DATA TO EXAMINE >>
§
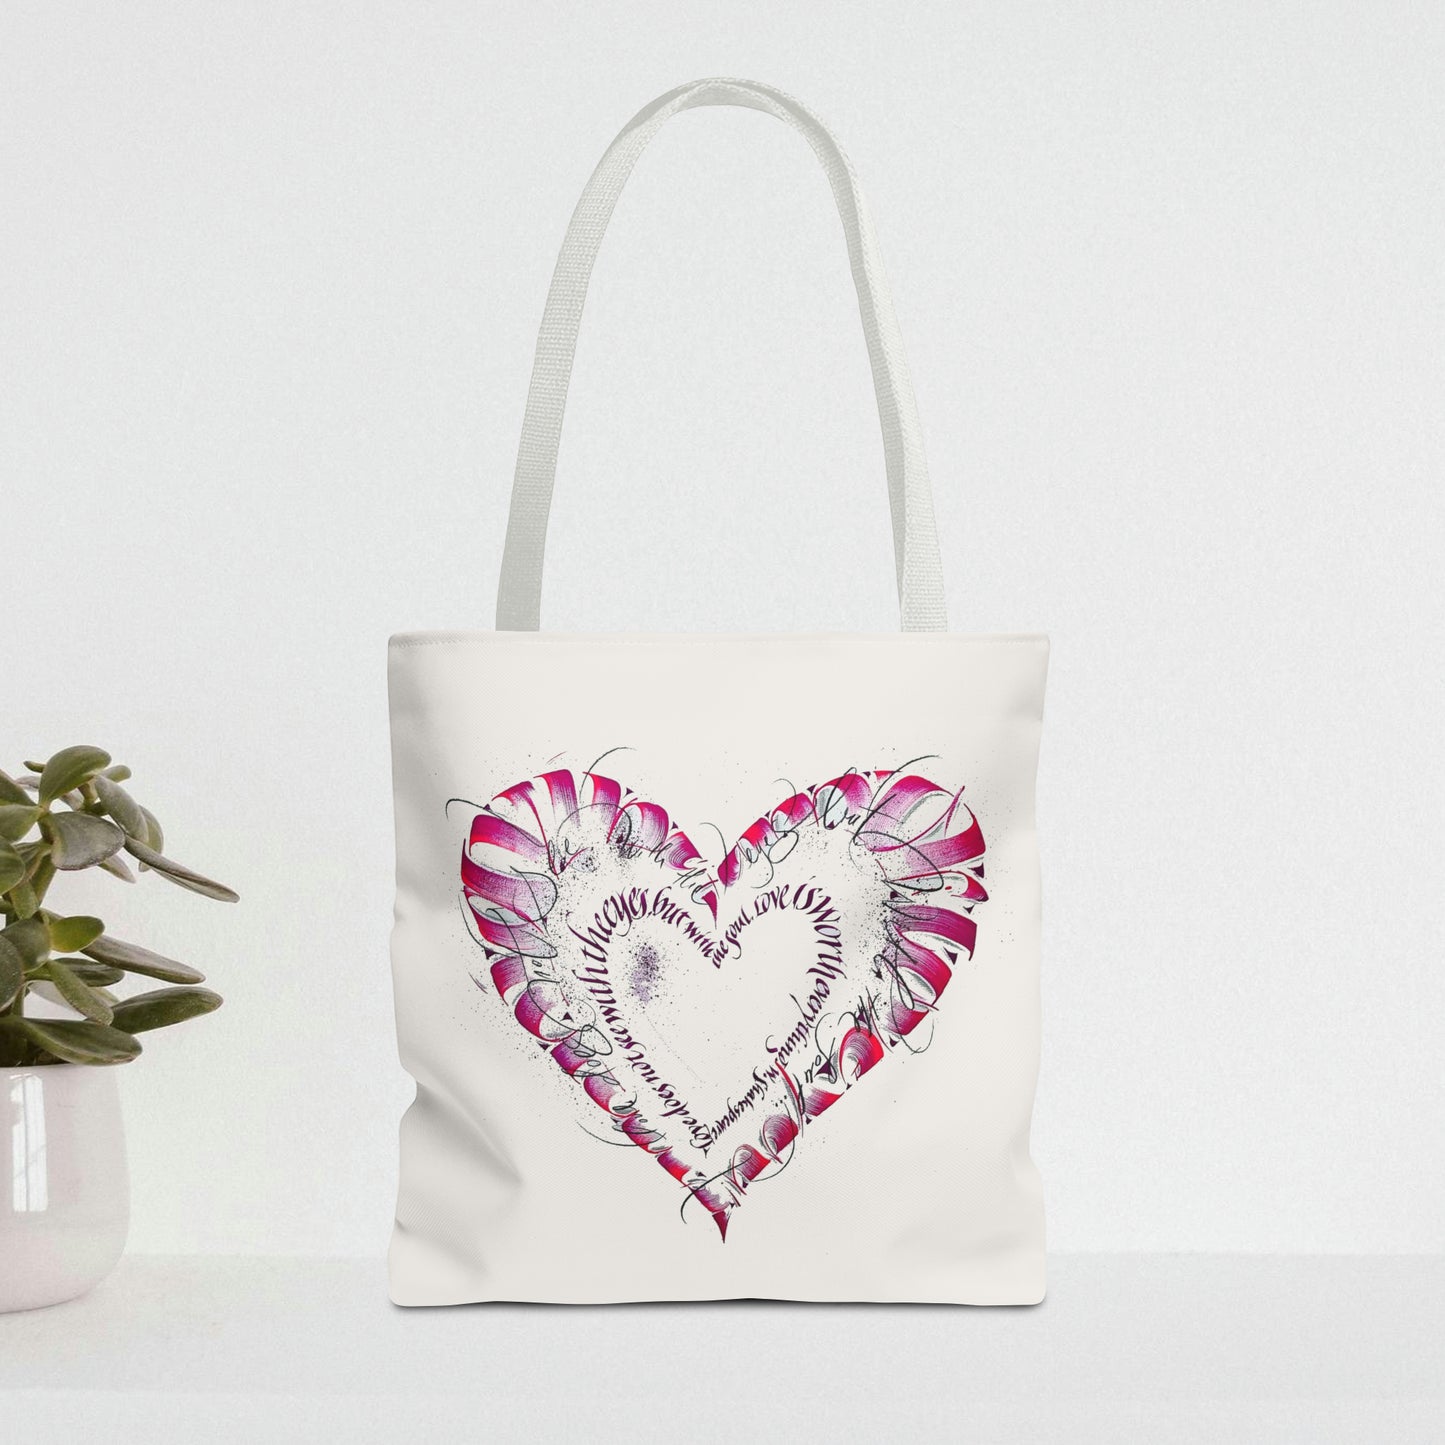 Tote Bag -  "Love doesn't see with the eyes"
§
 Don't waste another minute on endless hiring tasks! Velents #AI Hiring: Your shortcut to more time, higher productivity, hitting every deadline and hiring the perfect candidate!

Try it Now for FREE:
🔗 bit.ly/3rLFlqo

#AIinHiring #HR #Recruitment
§
YOUR TASK >> Extract the lines of the preceding material that run from the line with "Try it Now for" through the line with "#AIinHiring #HR #Recruitment", inclusive, reproducing them exactly and adding nothing.

OUTPUT FOR THIS TASK >>
Try it Now for FREE:
🔗 bit.ly/3rLFlqo

#AIinHiring #HR #Recruitment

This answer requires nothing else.